Но тут же появилась бранчливая проводница и, распекая всех за пораскрытые окна, — ведь снова набьется пыль в вагон, и ей нужно будет подметать коридор, — вызывающе задернула оконные рамы. Что раздражило Нину Федоровну, сказавшую ей вслед:
— Это та категория злюк, которым говоришь: «Стрижено», а они в глаза тебе гнут: «Нет, брито»! Таким бы служакам только мундир с погонами дать и для них разбить все общество на начальников и подчиненных.
— Оно, вроде бы, и было так в начальные послевоенные годы, — подоспел тут как тут поближе к купе неустанный говорун, — когда присваивались наподобие военных звания почти везде — на железных дорогах, у геологов, у финансистов (и звучало-то еще как: «генерал — директор тяги», или «младший советник»), и вводилась особая форма со всеми знаками отличия. Это же откуда переняли — от Петра Первого, царя, который свой толковый табель о рангах издал на пользу…
— Хватит! Хватит Вам трещать! — остановила его, морщась, Нина Федоровна. — Как можно?! У меня голова раскалывается…
В этом дальнем рейсе утомительно-медленно текли свободные часы, хотя и при быстром все-таки безостановочном почти движении поезда. Кто чем занимался и с кем знакомился, сближался. Однако ничто, ничто не могло развлечь и каким-то образом заинтересовать Нину Федоровну. Казалось, она не то, что тяготилась теперь шумливого вагонного общения и сторонилась всего и всех, а целиком уж впала, что называется, в тихую сосредоточенность, свойственную, вероятно, ей.
Ввечеру поезд, прибыв в Харьков, зашел на третий или на четвертый станционный путь.

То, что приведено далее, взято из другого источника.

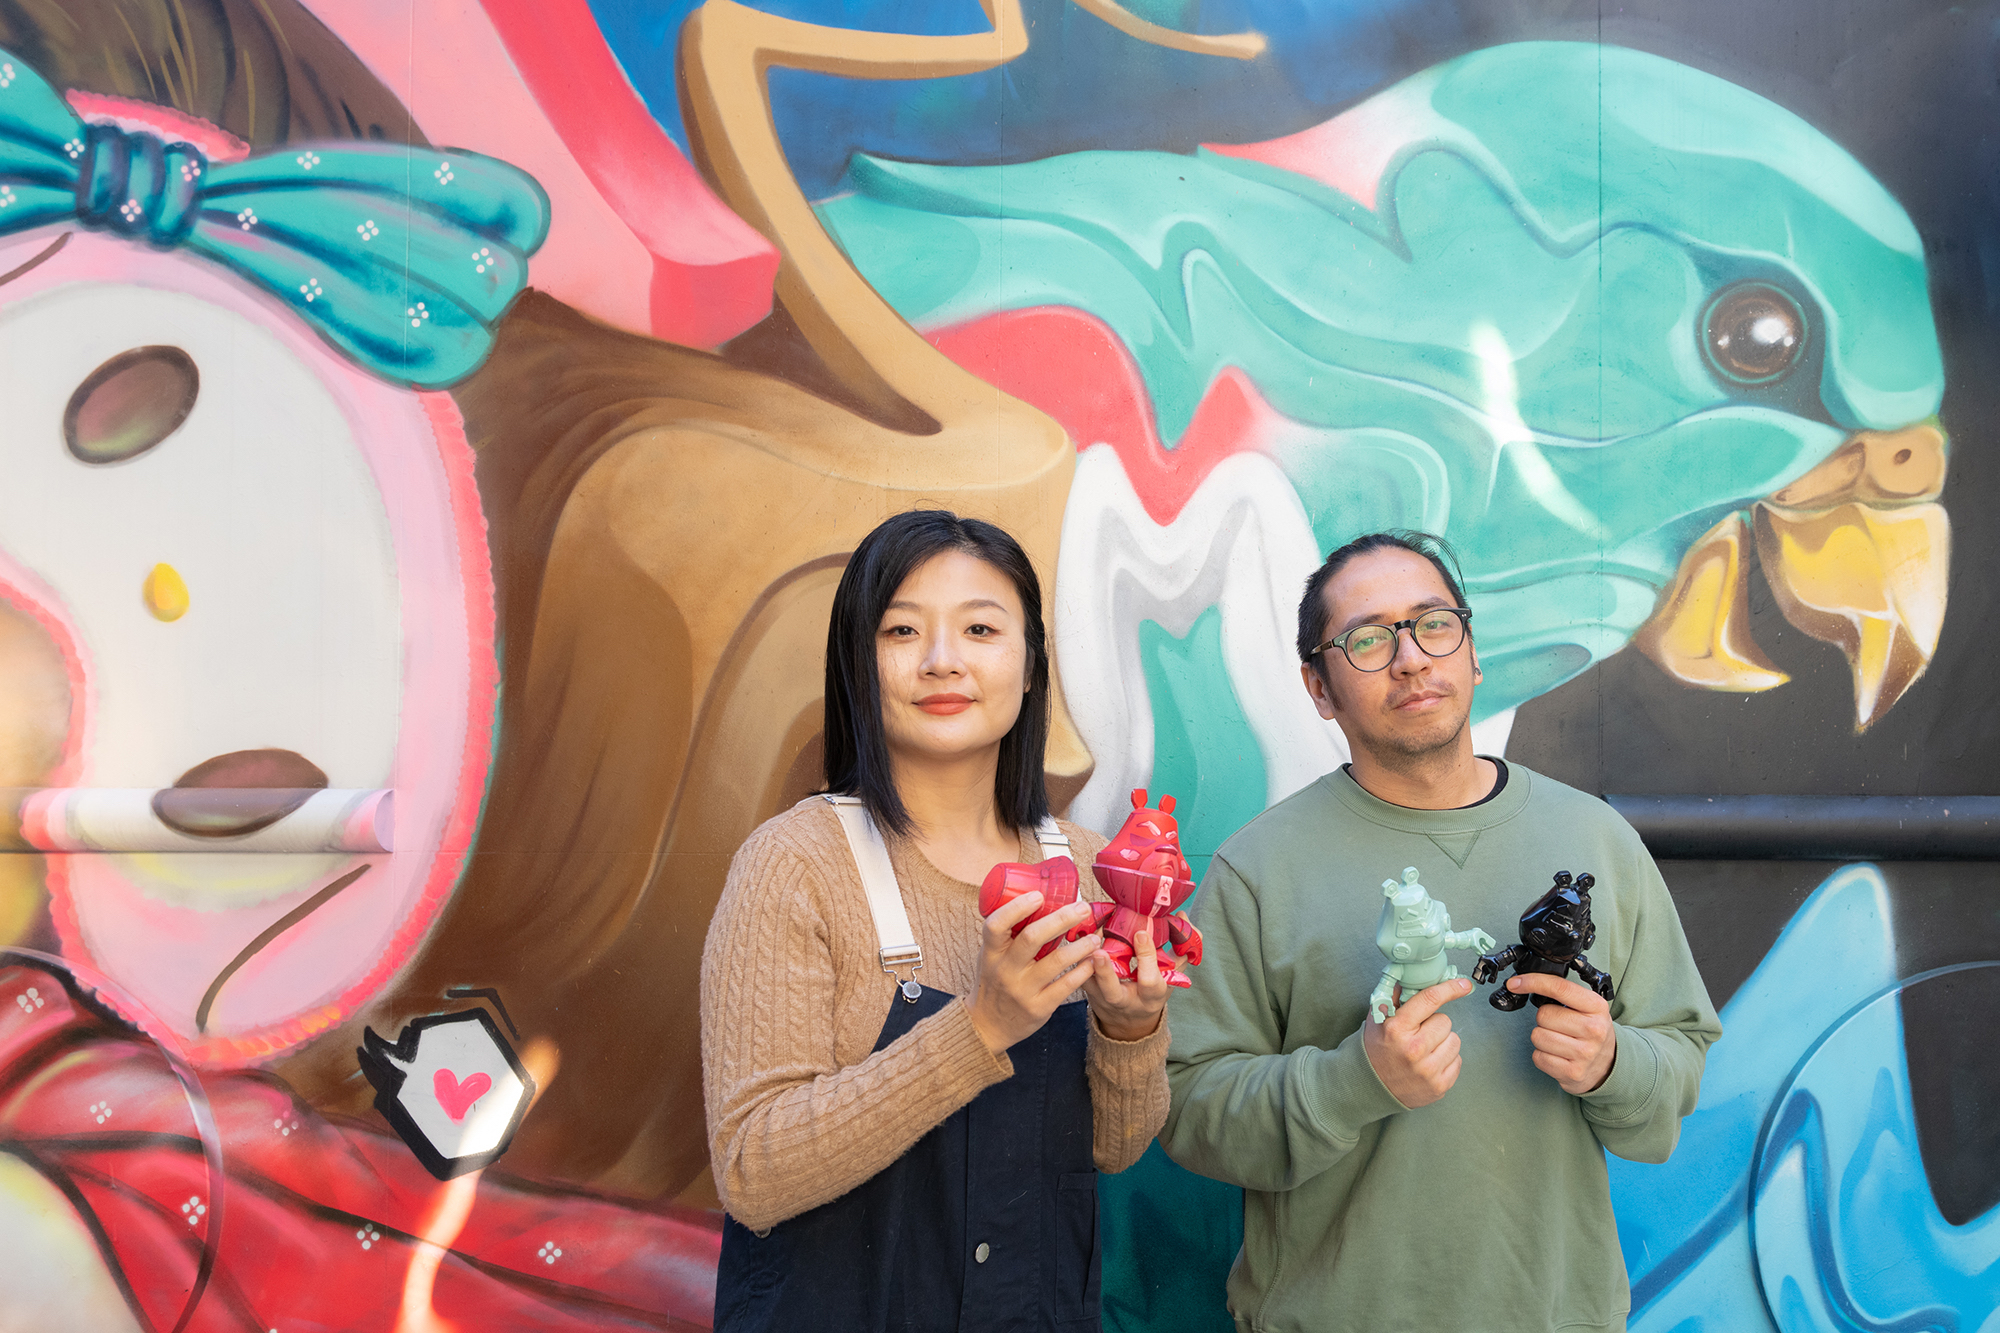 The co-founders of Nativo, Anny Chong (left) and Felipe Wong, have also contributed stunning murals to the city under the alias AAFK

Соседний же справа (с той стороны межпутного перрончика) только что занял встречный пассажирский, везущий отдохнувших пассажиров, и те, высыпав из душных вагонов, как горох из стручка, шоколадно загоревшие, в легких и пестрых костюмах, шустро зашныряли по заасфальтированному междупутью, от ларька к ларьку, — в поисках съестного. Оттого вмиг возникли продуктовые очереди. Из-за этого-то Нина Федоровна, вышедшая из вагона поразмяться, и немало расстроилась: она хотела купить без толчеи что-нибудь из еды для себя и Николая. И теперь было заспешила для того в новый вокзал, а также заодно для того, чтобы осмотреть вокзальные помещения.
Только Люба отговорила ее — здесь коварно устройство дверей: они автоматически закрываются за две минуты до отправления поезда. Так что для непосвященных есть опасность ни за что ни про что очутиться на вокзале все равно, что в ловушке непредвиденной. И Нина Федоровна, заопасавшись, повернула назад.
— Нынче, в июне, точно так опростоволосился мой провидящий отец. — Люба не сдержала смешок. — Они с мамой возвращались из Кисловодска после лечения. Он вылез налегке (и без денег) из вагона, прилип к книжному киоску, а вот вскочить обратно не успел… От поезда отстали пятеро мужчин. Их отправили лишь назавтра на каком-то попутном поезде за казенный счет… И до чего же жалок был отец, добравшийся-таки домой, под крылышко нашей мамы!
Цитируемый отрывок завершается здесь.